Right or wrong, good and bad
Written by Sheree Echlin
Am I a bad mum? Do I give in too easily or am I too harsh? Honestly some days I wonder if I’ve somehow swapped my children without realising and ended up with tiny devils in their place. Yes, I do have good days with them…I think. Maybe I imagined them all. Just kidding.
My girls are generally pretty good kids but holy moly they can become downright pains in the bum in the blink of an eye. I know it’s a stage that will pass, just like everything else, but it feels like it’s dragging on forever and ever and ever. The years might be short but the days and nights are endless, haha.
I guess it’s all about perspective. In the whole scheme of things, nothing is really that bad. But when you’re tired, run down or have a million things to do, kids getting on your nerves, pushing your buttons or just generally driving you insane, it doesn’t take much for you to reach the end of your tether. And when mummy loses it, it’s not always pretty.
I still love watching my girls when they play together nicely and even when they look out for each other. Small things like that can often go a long way. But all it takes is one little (or big) whack from one sister to the other and things can take a turn for the worse. Tears, tantrums, a few more random whacks (usually from the youngest to the eldest, mind you) and we almost have all out war.
When you first become a parent, you don’t think about dealing with sibling fights, in fact it barely registers on your mind. You’re too busy caught up in the newborn haze of nappies, feeds and no sleep. Even with one child, things feel full on and crazy all the time. But they aren’t.
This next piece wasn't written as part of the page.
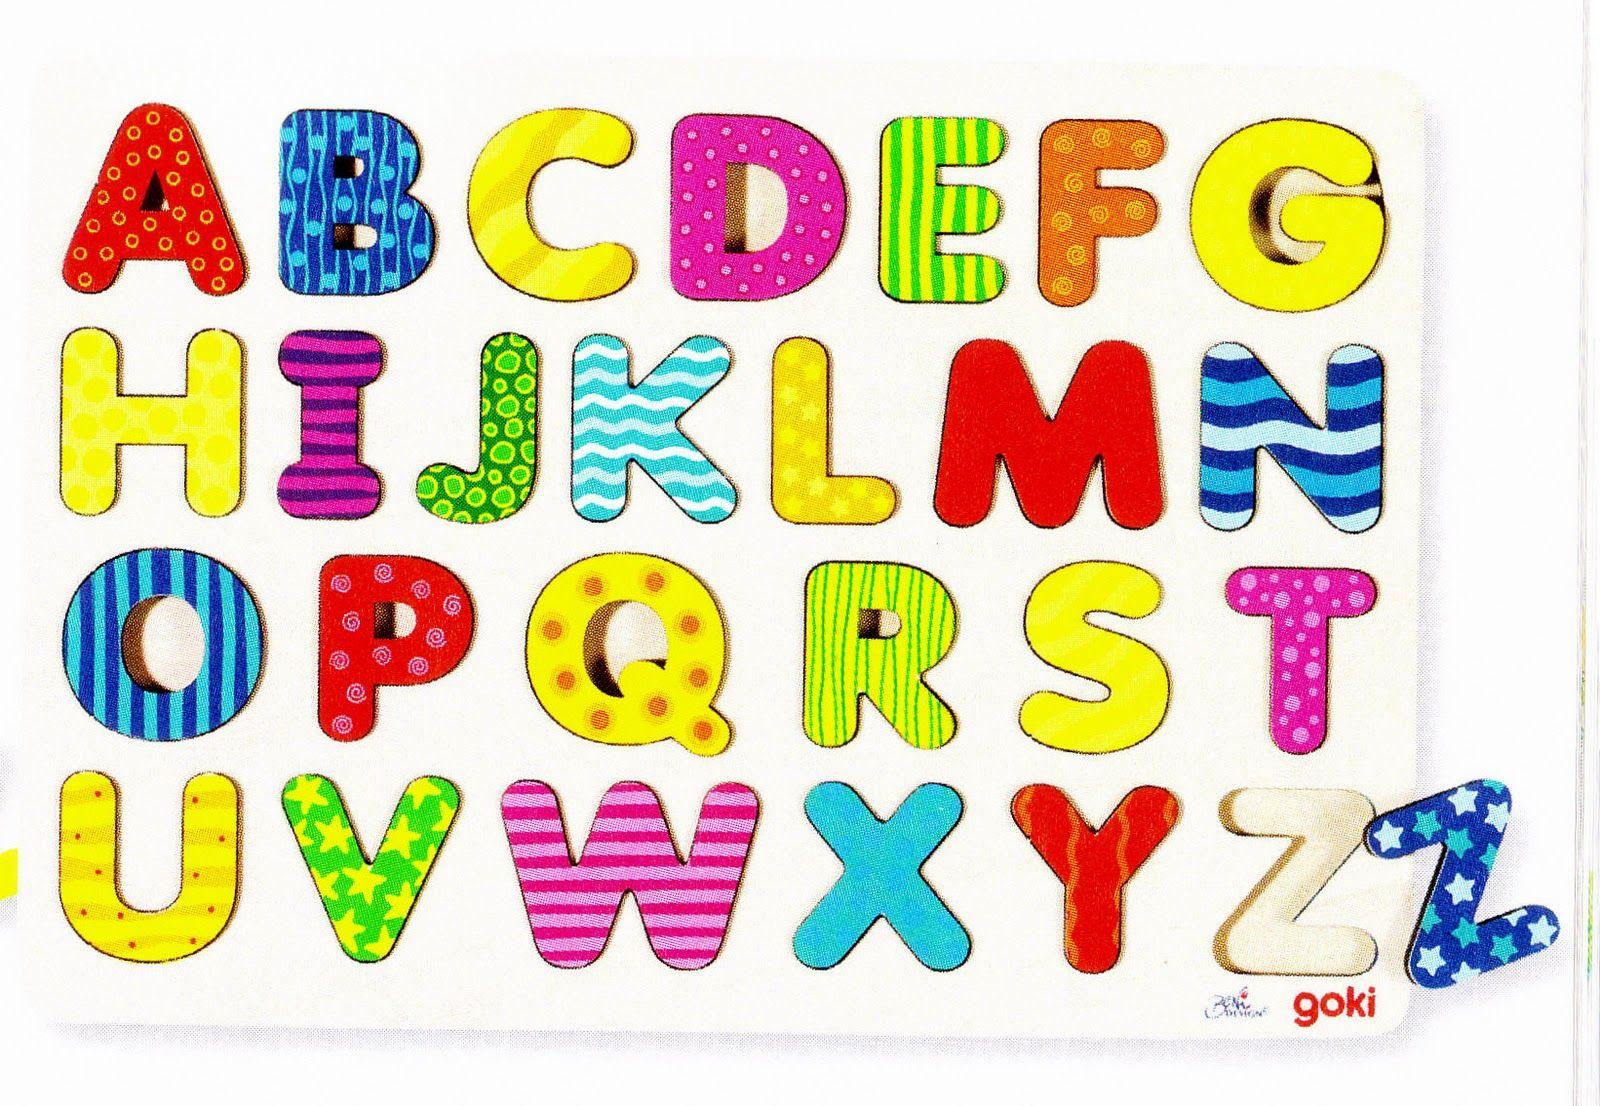 Letras decoradas para imprimir buscar con google ni os - Letras decorativas para ninos ...

It’s not until you throw two in the ring (children I’m talking about) and then you become an umpire. The downside is you’re not meant to pick sides. Guiltily I do sometimes, it depends on which child is annoying me that little bit more (hahahaha) but nine times out of ten, they both learn not to mess with mummy! Okay, so maybe it’s more like six out of ten times, but a Mumma can dream, can’t she?!
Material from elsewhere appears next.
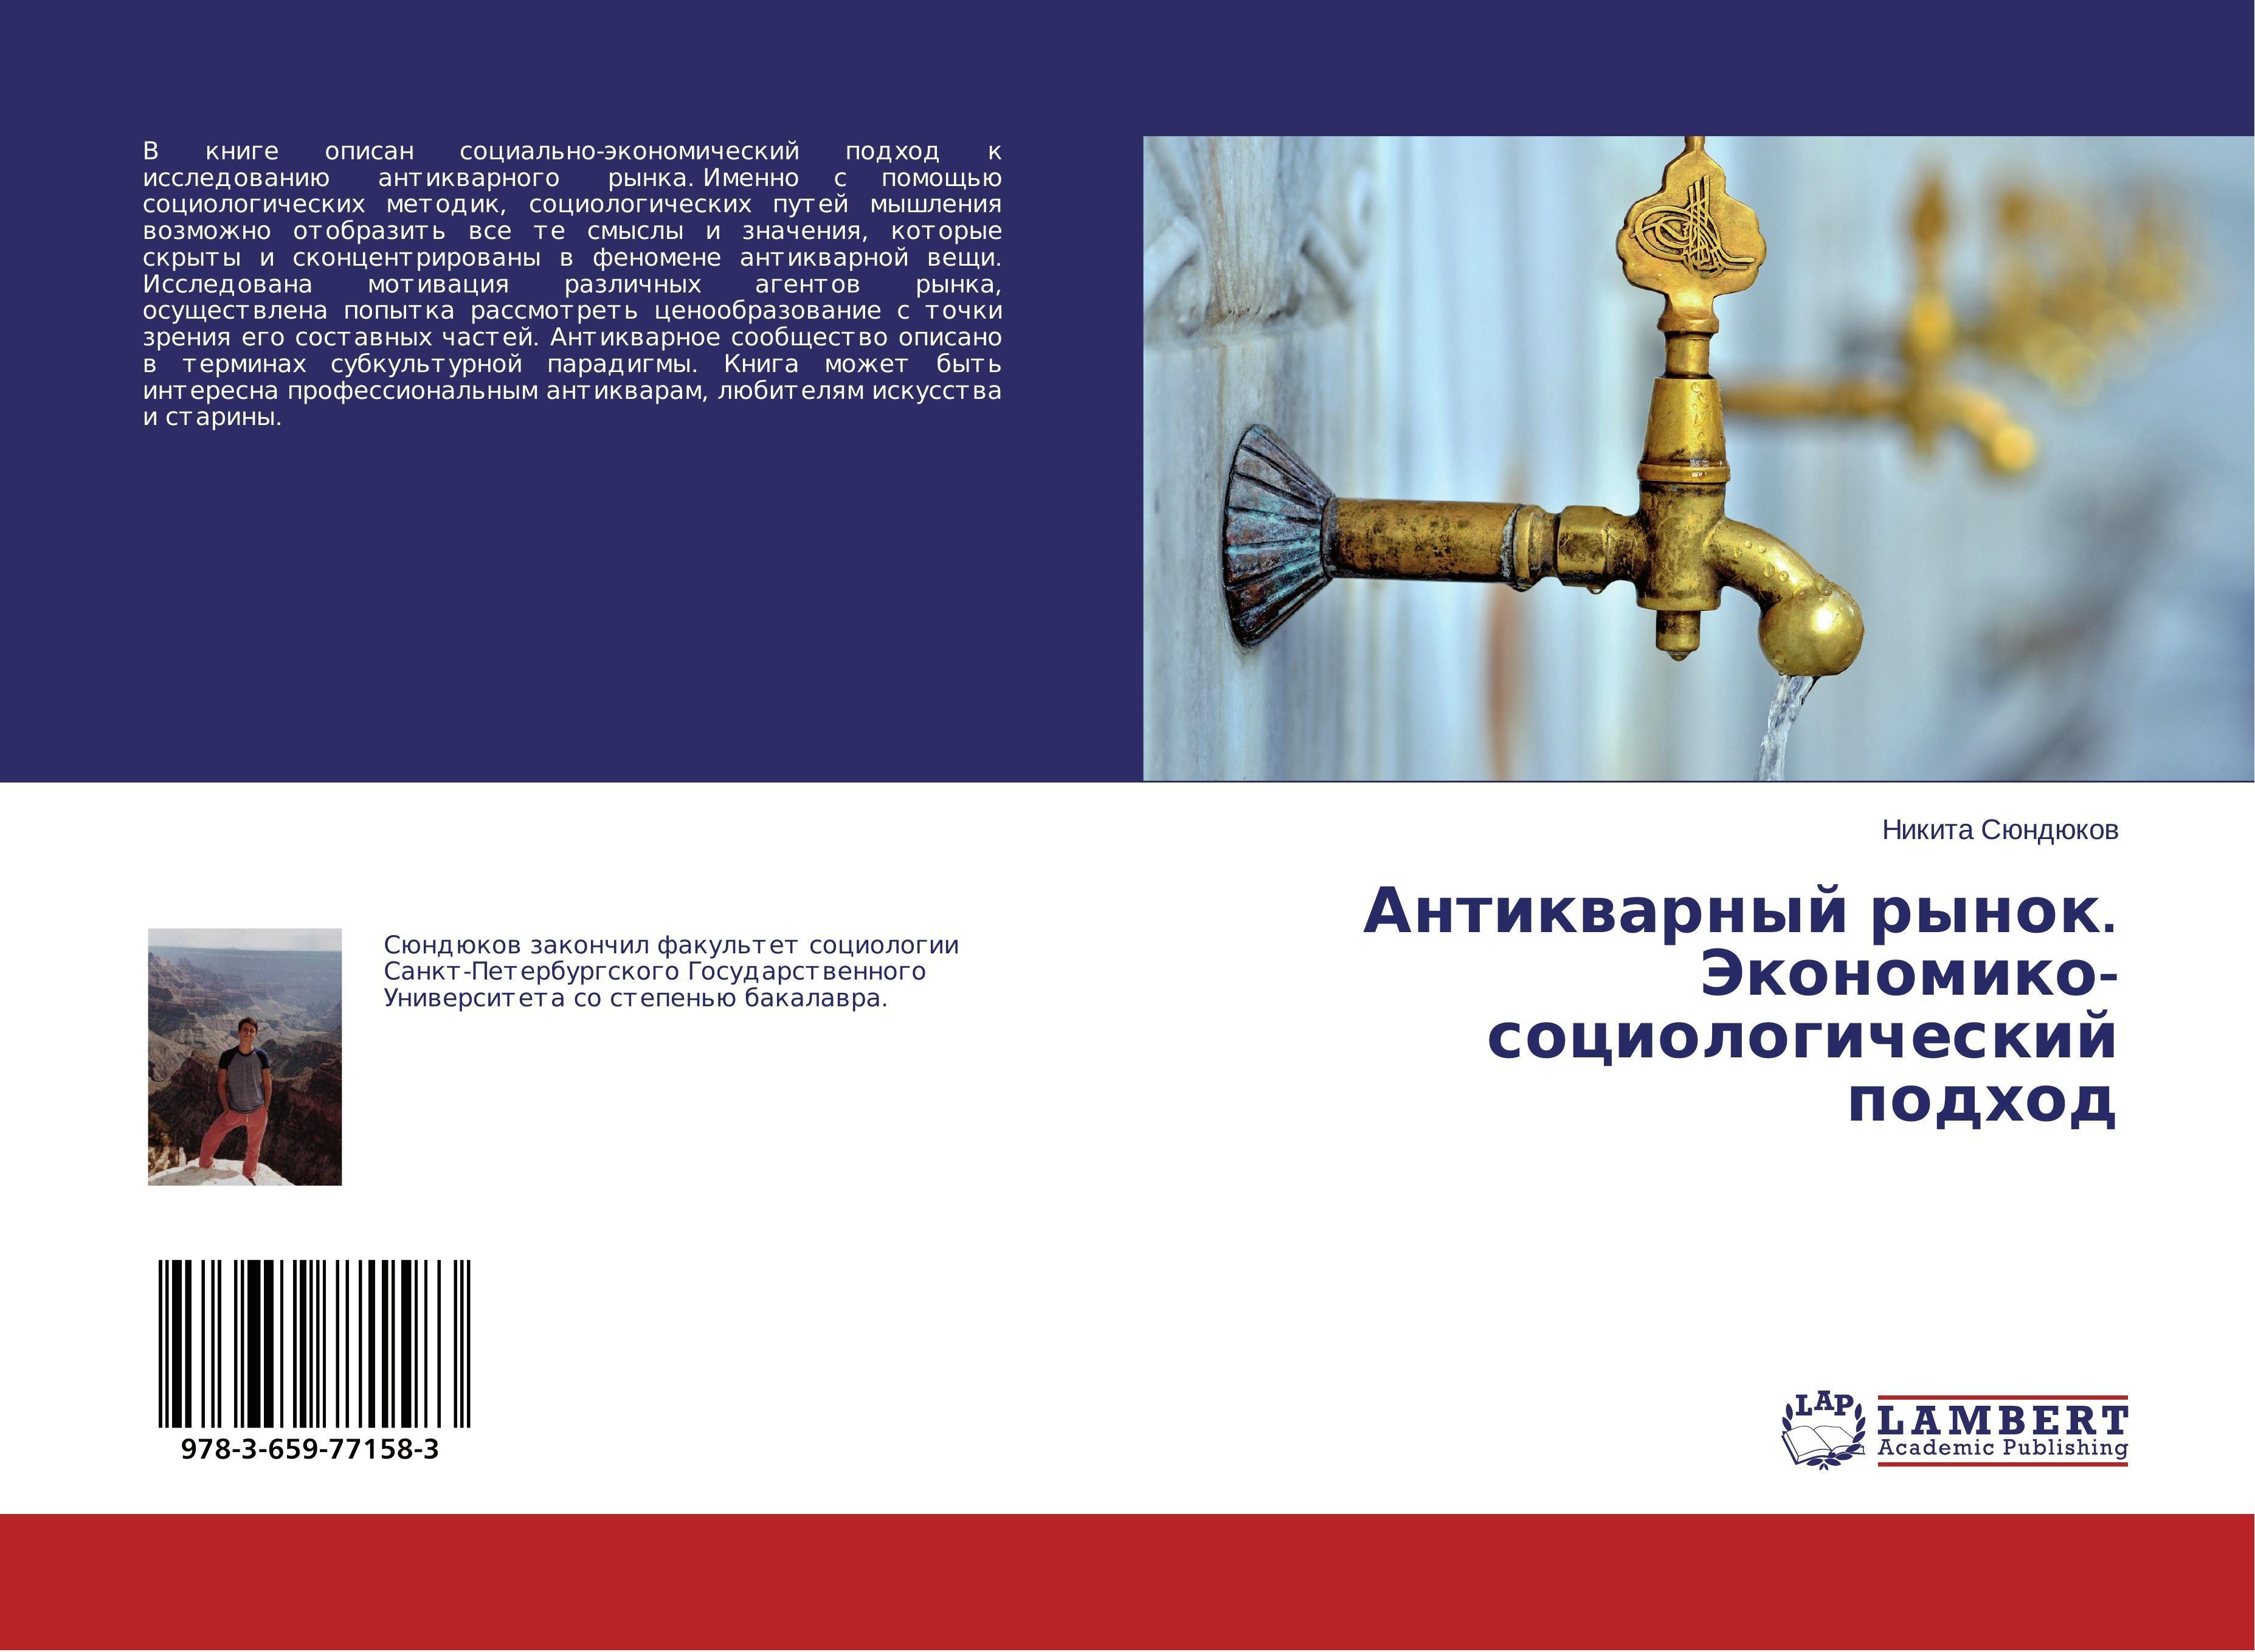 Antikvarnyj-rynok-Jekonomiko-sociologicheskij-podhod-Niki-9783659771583

And they know just when to start, well pretty much anything. You go to hang washing out, put rubbish in the bin, go to the toilet or just really need to concentrate on something and it’s on like Donkey Kong. They say silence is deafening, but I swear sometimes just hearing “Mummmmmmmmy” mixed with crying and screaming over and over again can be worse. They fight over pretty much anything these days, even me.
It’s kind of endearing until you have arms and legs pushing and shoving just to sit on your lap. Good old sibling rivalry, it just makes my day….not. I remember the days of trying to get my older brother in trouble with mum and dad. It didn’t always work but the satisfaction when it did….man payback was and sometimes still is the best feeling ever.
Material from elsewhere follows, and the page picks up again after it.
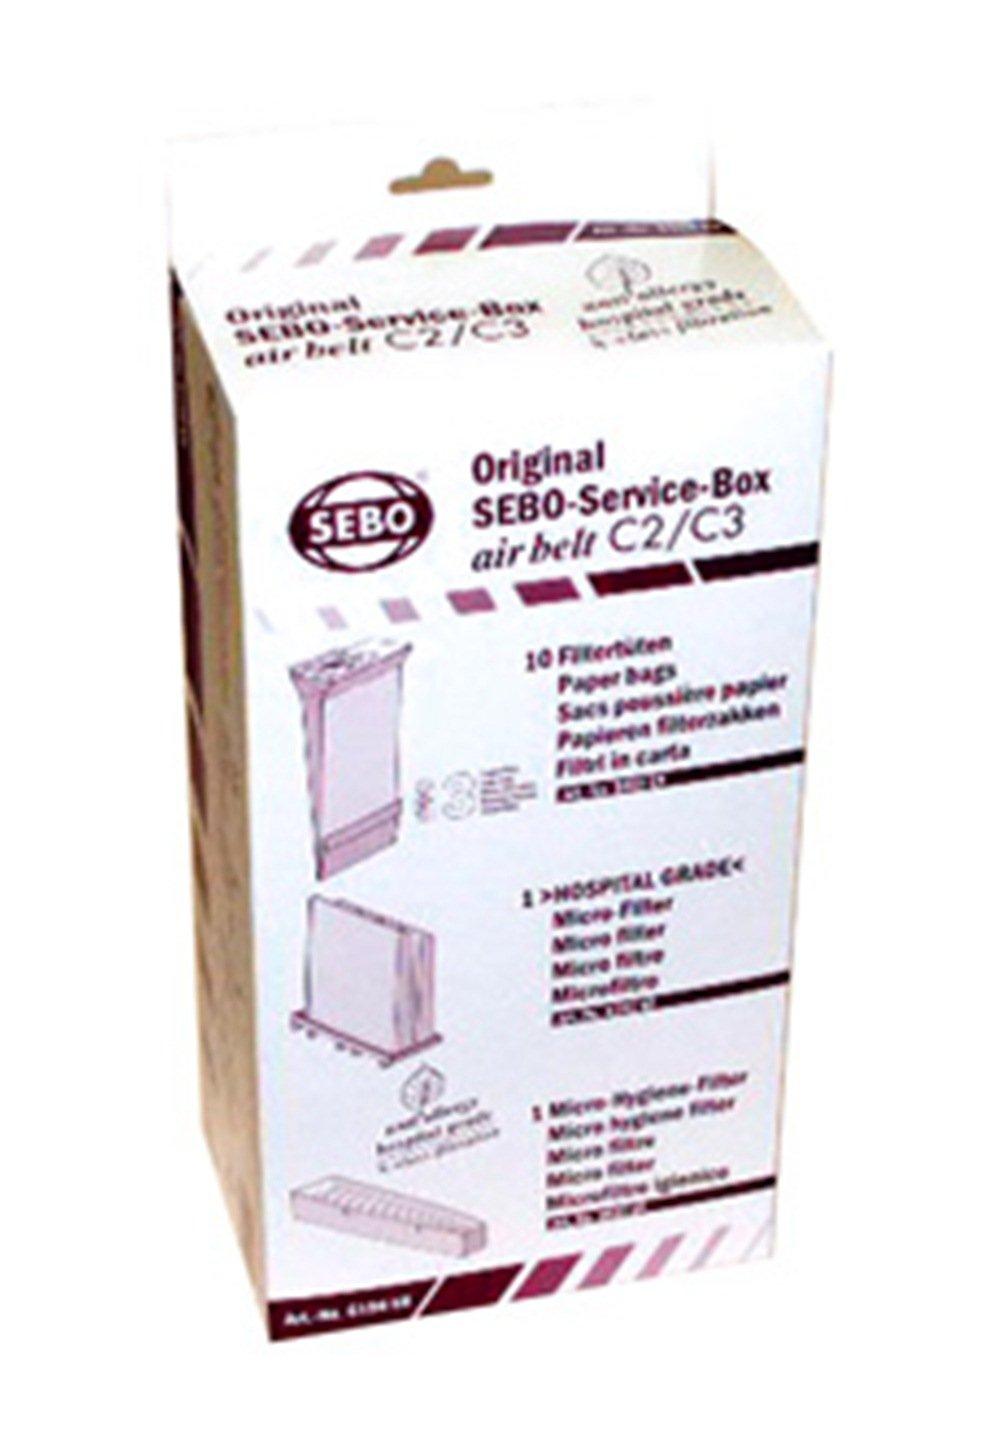 Sebo 6198AM Service Box for C Series Vacuum by Sebo

I know I’m not a perfect mum and quite often I get angry or upset with my girls, I try not to but it happens. Partly because they get on my nerves and also partly because I’m over being or rather trying to be “nice” mummy all the time. But this is a tough gig and it can take its toll on anyone and everyone. I still reach for the wine and chocolate when I can, they are my saviours, along with a couple of really amazing friends.
We compare horror stories (commiserate, vent and sometimes share wine) and it’s always nice to know you’re not alone, even if you feel like you are. I know one tough stage will pass into another but it never takes away from the current never-ending phase of torture. Okay, a bit extreme maybe, but I never thought there could be so much drama over pulling the plug out of the bath or even helping put dishes away (I know right?!). #firstworldproblems haha!
Ahhhhh kids, they will either make you or break you, maybe even both at different stages. I swear, at times, my two are determined to break me, but I like to remind them of where they learnt some of their sass from. The apple certainly didn’t fall far from this tree. Bring it on kiddos, but maybe wait until I’ve had some wine or chocolate first!